Abstract
Objectives
The FOURIER trial reported that inhibition of PCSK9 with evolocumab on a background of statin therapy lowered low-density lipoprotein (LDL) cholesterol levels to a median of 30 mg per deciliter (0.78 mmol per liter) and reduced the risk of cardiovascular events. Here, we report data from a single center focusing on the effect of a PCSK9 inhibitor antibody on hyperlipidemia.
Methods
We enrolled 29 hypercholesterolemia patients who had LDL cholesterol levels ≥ 70 mg per deciliter or non-HDL cholesterol ≥ 100 mg per deciliter and were divided into two groups (placebo n = 14, evolocumab n = 15), and participated in a 72 – 96 week, randomized, double-blind, placebo-controlled trial with statin therapy. Patients were randomly assigned to receive evolocumab (140 mg every 2 weeks or 420 mg monthly) or matched placebo via subcutaneous injection. Lipid changes during follow-up were analyzed.
Results
The median LDL cholesterol level at baseline was 88 mg per deciliter, and the average LDL cholesterol level was 101.8 ± 20.0 mg per deciliter. At 4 weeks, the median LDL cholesterol level was 39 mg per deciliter, and the average LDL cholesterol level was 34.8 ± 51.8 mg per deciliter. Compared to placebo group, the LDL cholesterol levels were significantly reduced after treatment (P < 0.001), as well as total cholesterol, ApoB, and ApoB/ApoA1 levels. During follow-up, no discomfort was reported at local injection sites, and no cases of abnormal liver function were observed.
Atherosclerosis is a major pathophysiological mechanism that can promote the development of cardiovascular and cerebrovascular diseases. Although statin therapy has been a mainstay of treatment for many years, some patients have experienced issues such as statin intolerance. As an important member of the proprotein convertase subtilisin/kexin type 9 (PCSK9) family, PCSK9 can target and bind the low-density lipoprotein receptor (LDLR) to influence lipid metabolism and has become an attractive target for lipid-regulating therapies and atherosclerosis intervention in recent years.

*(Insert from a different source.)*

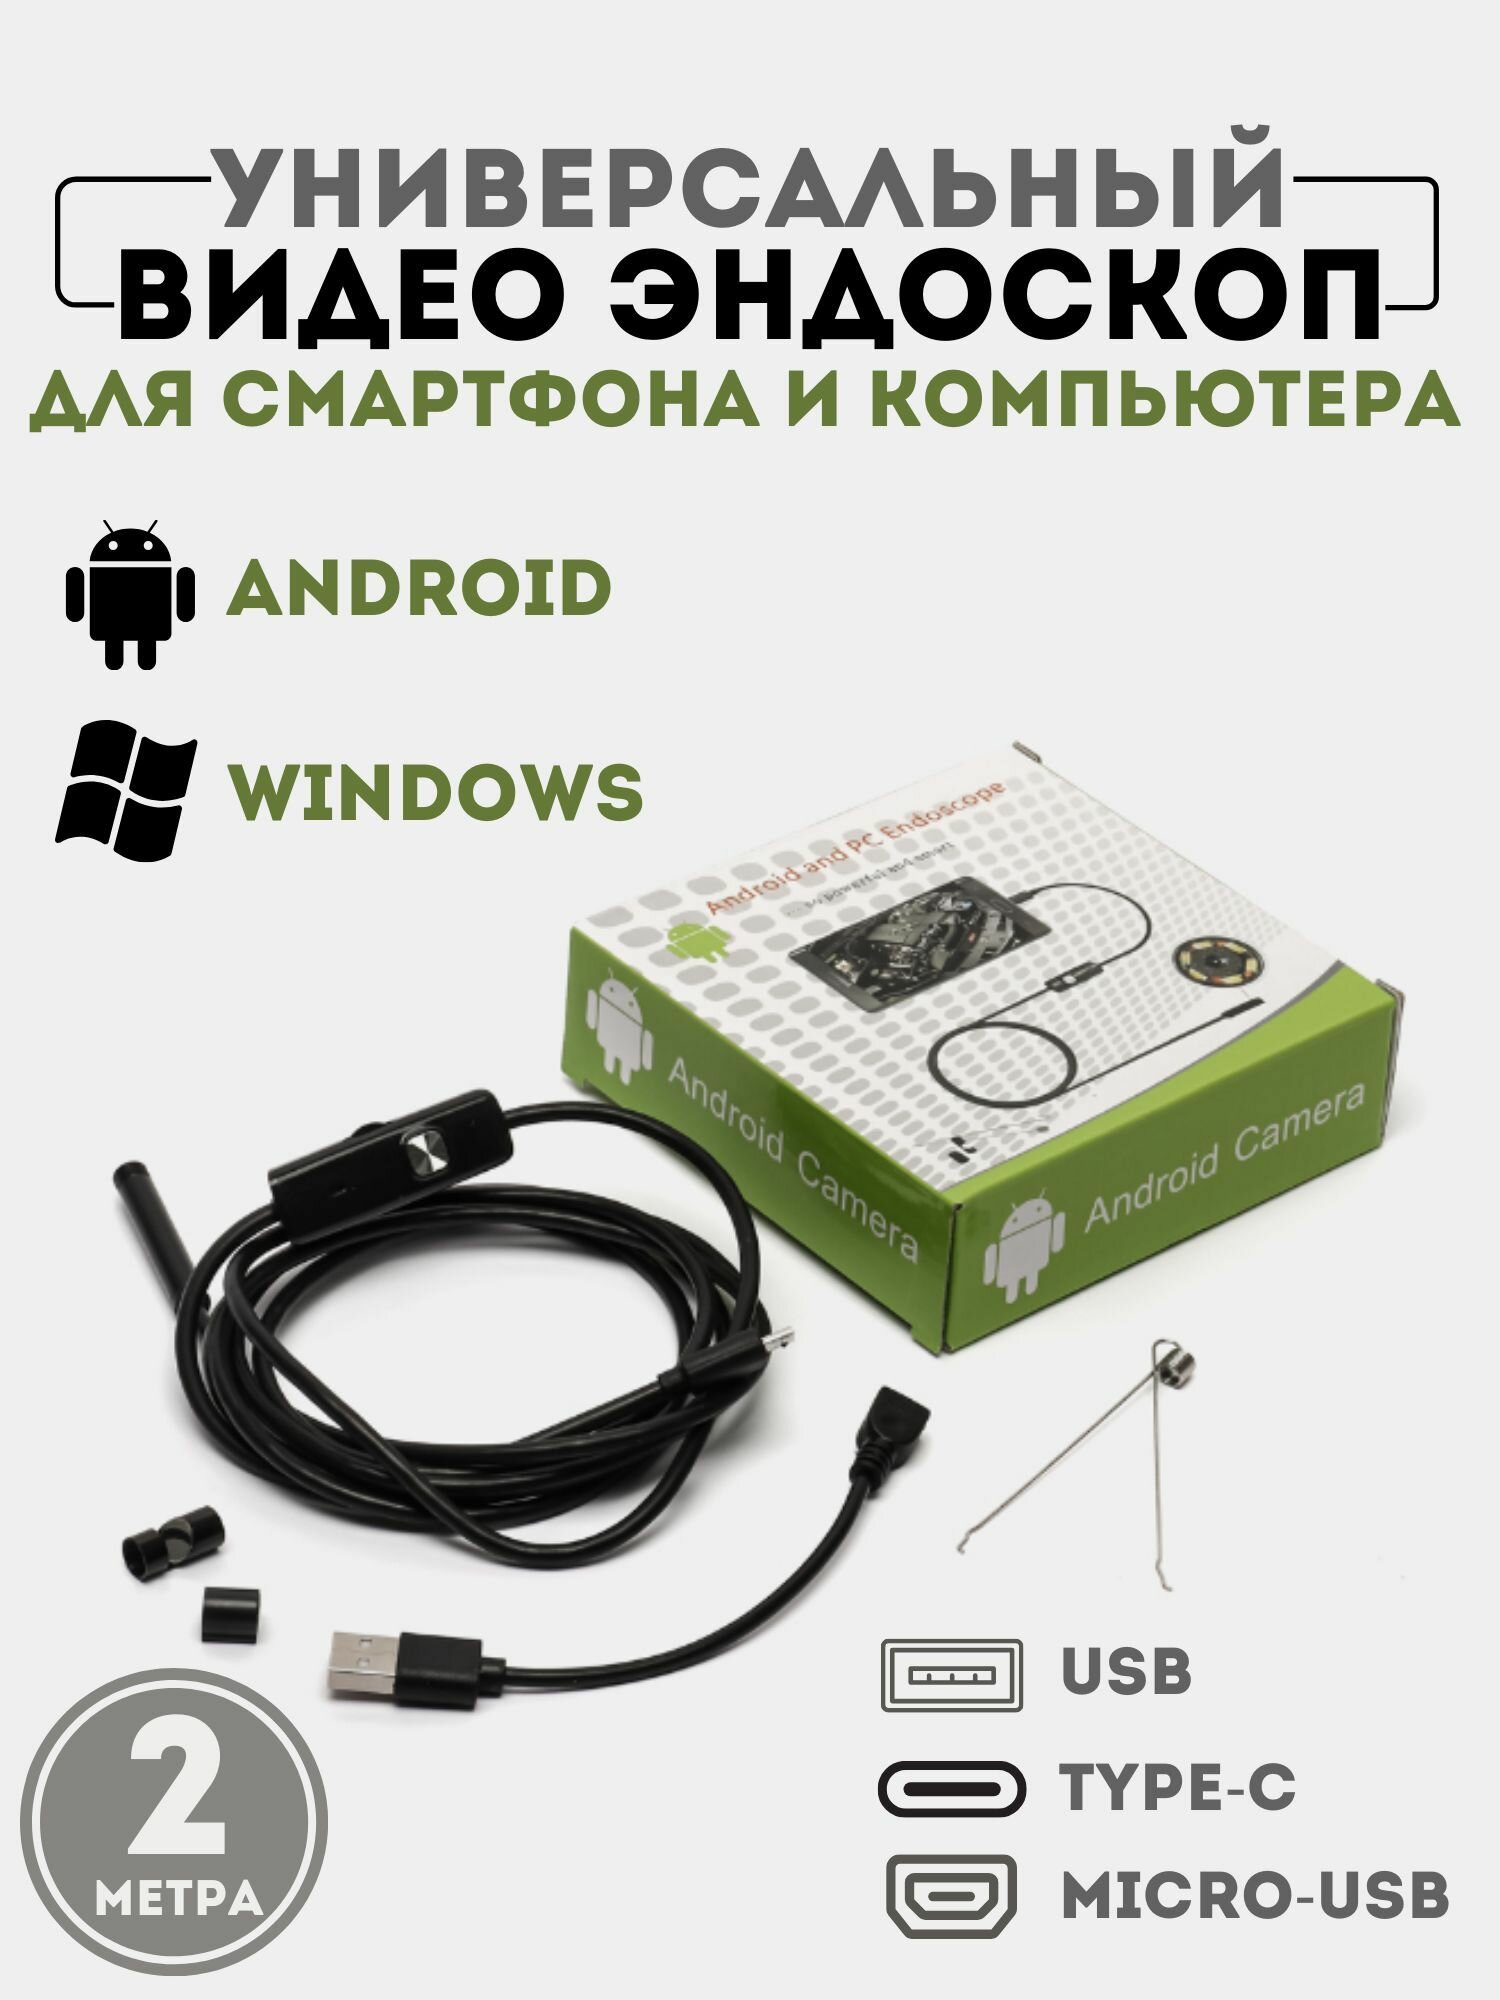 Эндоскоп (камера) для андроид "Android" (микро-usb USB) длина кабеля 2 м

PCSK9 is a member of the family of preprotein-invertase and was first identified in rabbit aortic tissue by Seidah et al1 in 2003. PCSK9 is the third gene that has been found to be associated with autosomal dominant familial hypercholesterolemia. 2 Studies have shown that PCSK9 can bind to LDLR in liver cells and guide its internalization to lysosomal degradation, thereby weakening the ability of the liver to metabolize LDL cholesterol and up-regulating LDL cholesterol levels.3 However, PCSK9 inhibitor antibodies can specifically target PCSK9 and block its binding with LDLR, thereby increasing the clearance rate of LDL cholesterol and reducing LDL cholesterol levels.4 PCSK9 not can only degrade LDLR and increase LDL cholesterol levels, it also has other biological functions such as contributing to the development of the nervous system and inducing apoptosis in nerve cells.5
Abifadel et al.6 identified certain mutations in the PCSK9 gene that were associated with elevated serum LDL cholesterol levels and premature coronary heart disease (CHD), as well as certain mutations that were associated with low serum LDL cholesterol levels.7 Over time, further research has shown that mutations associated with elevated serum LDL cholesterol levels are gain-of-function (GOF) mutations while those associated with low serum LDL cholesterol levels are loss of function (LOF) mutations. Strikingly, subjects with heterozygous LOF mutations exhibit lower serum PCSK9 levels and as much as an 88% reduction in the incidence of CHD over a 15-year period compared with non-carriers. 8 Moreover, despite a complete loss of PCSK9 and associated very low serum LDL cholesterol levels, two subjects who had been identified with compound heterozygote LOF mutations appeared healthy.9
LDL cholesterol is a well-established and modifiable risk factor for cardiovascular disease and monoclonal antibodies that inhibit PCSK9 have emerged as a new class of drugs that effectively lower LDL cholesterol levels.4 Evolocumab is a human monoclonal antibody that has been reported to reduce LDL cholesterol levels by approximately 60%.10–14
The purpose of this study was to investigate the efficacy and safety of evolocumab in Korean patients with hypercholesterolemia.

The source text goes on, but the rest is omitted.